What this task involves:
Skip the pictures. Quote every line below, exactly, from the one with "Za Erdogana je" through the final line.

Provided data:

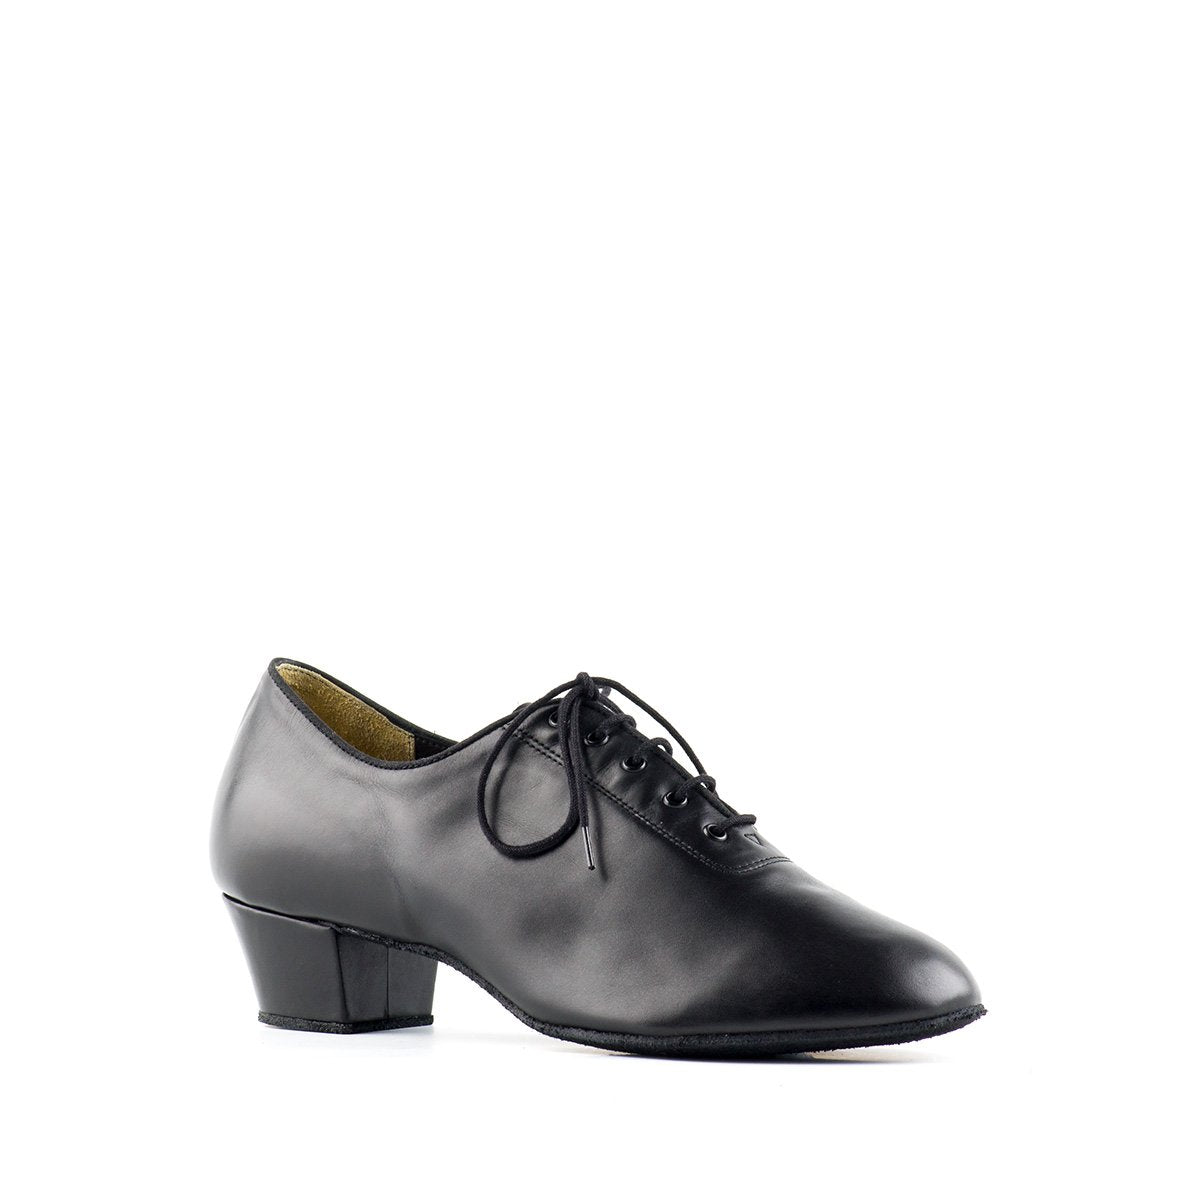 black leather Latin shoe for men
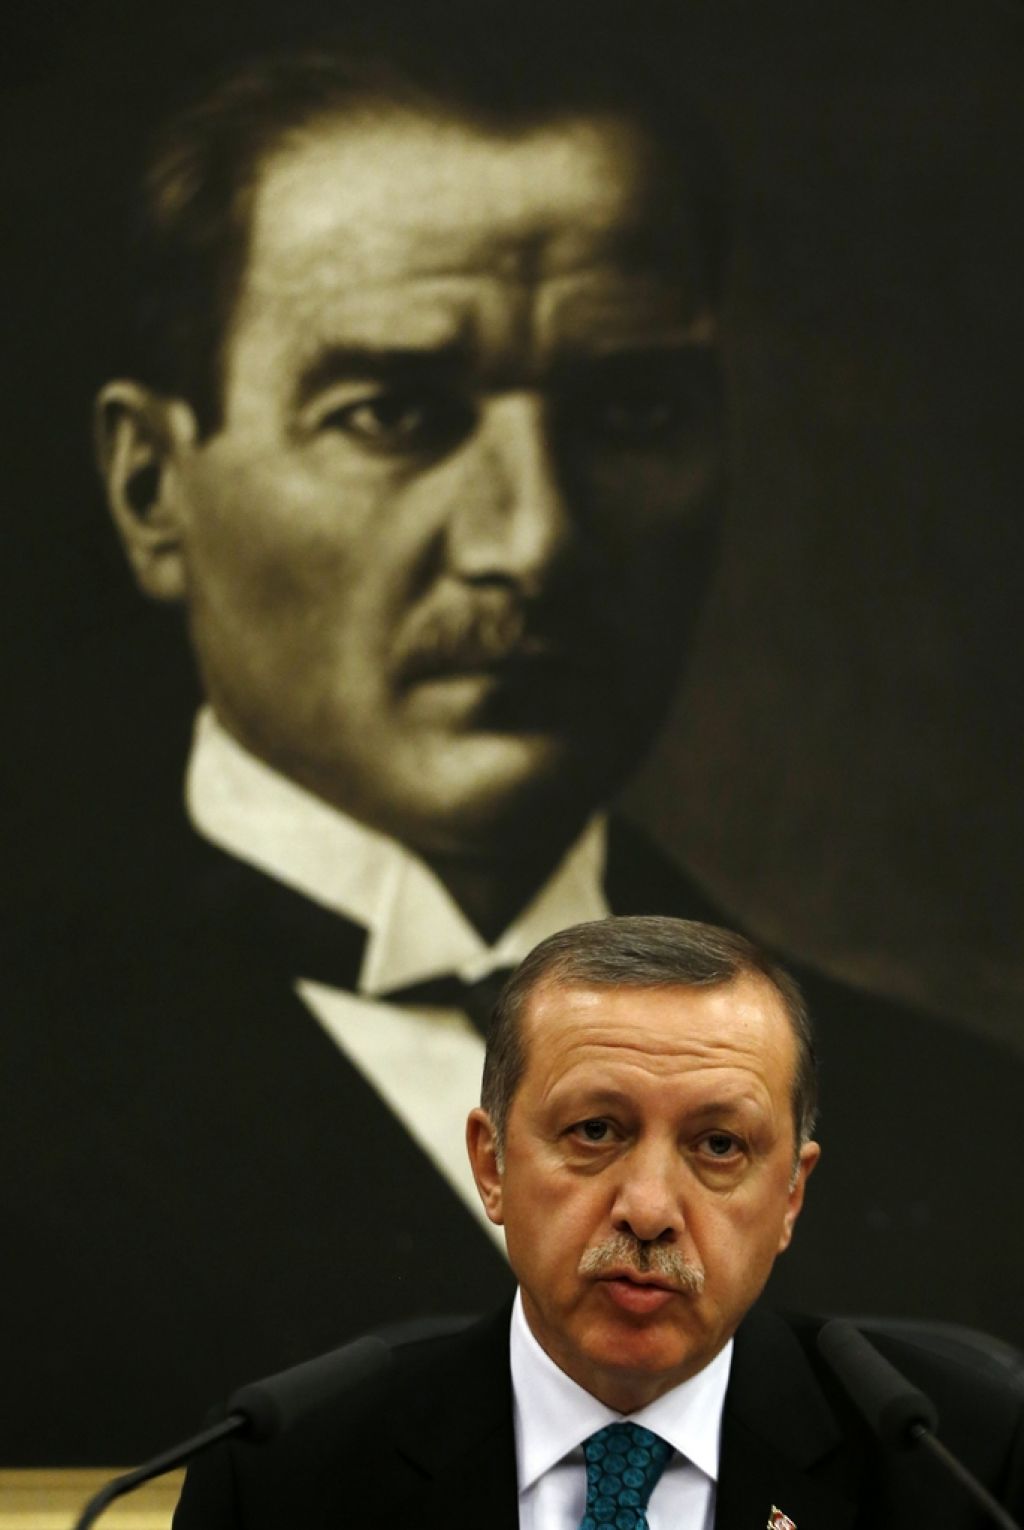 Za Erdogana je demokracija kot tramvaj. Izstopiš kadarkoli
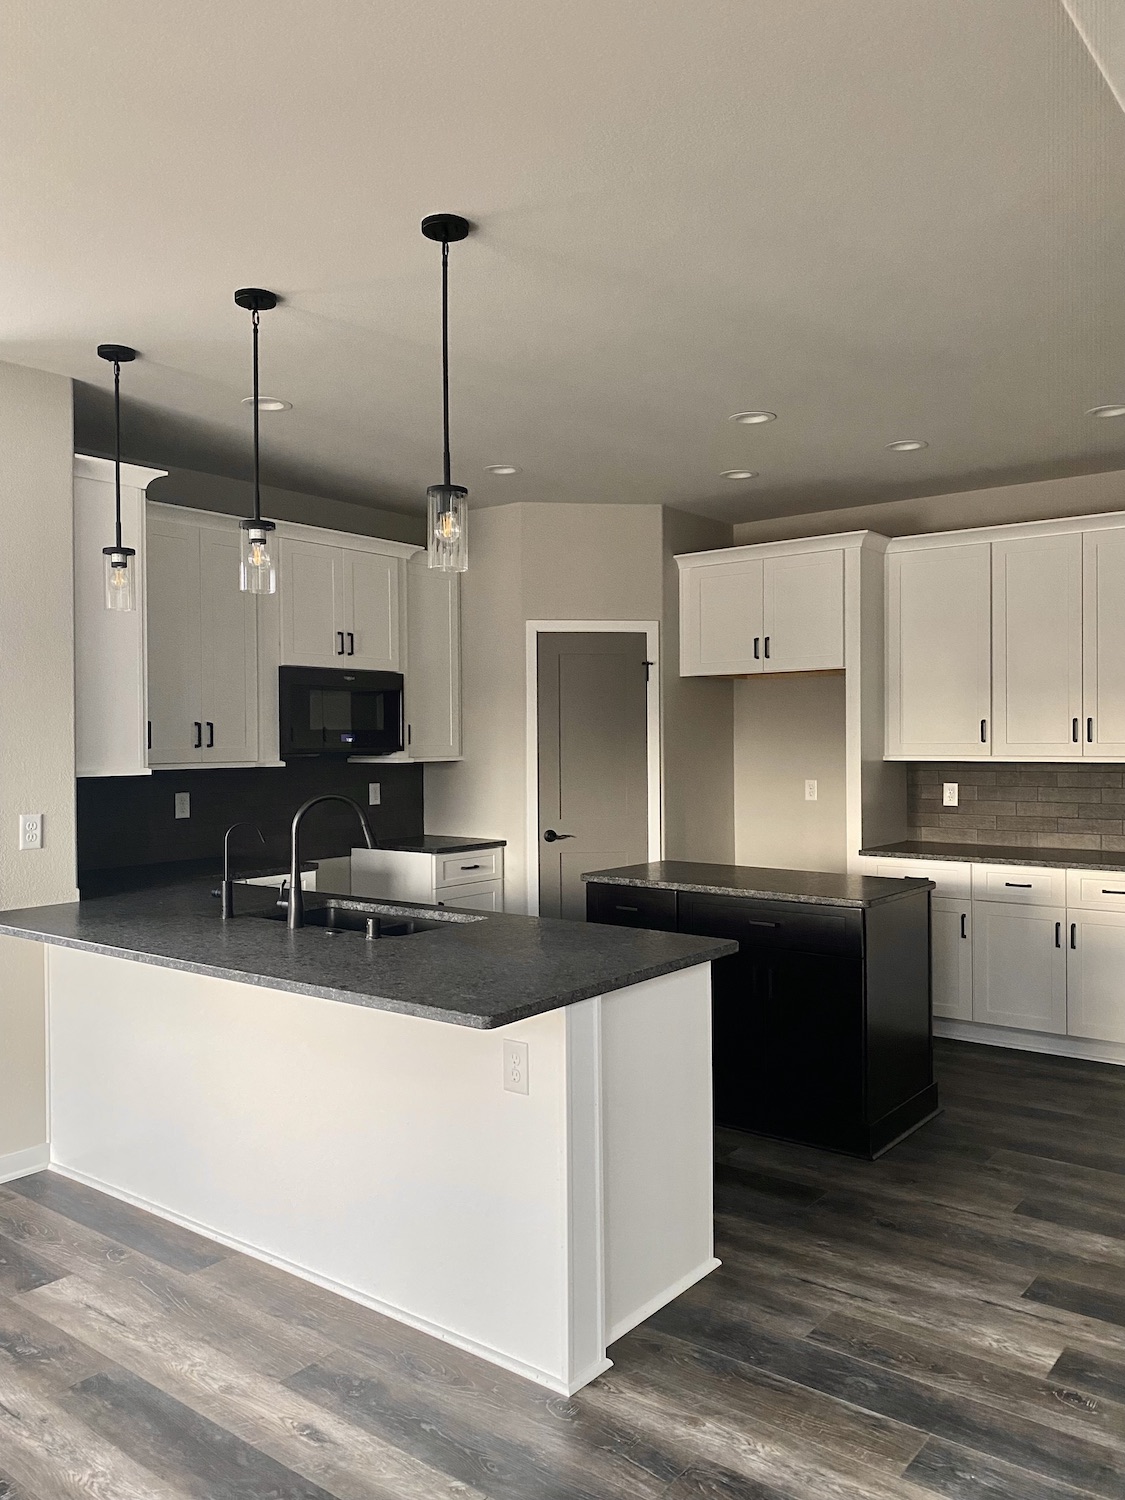 belman home builder new kitchen black and white palette

Output below:
 Za Erdogana je demokracija kot tramvaj. Izstopiš kadarkoli
 belman home builder new kitchen black and white palette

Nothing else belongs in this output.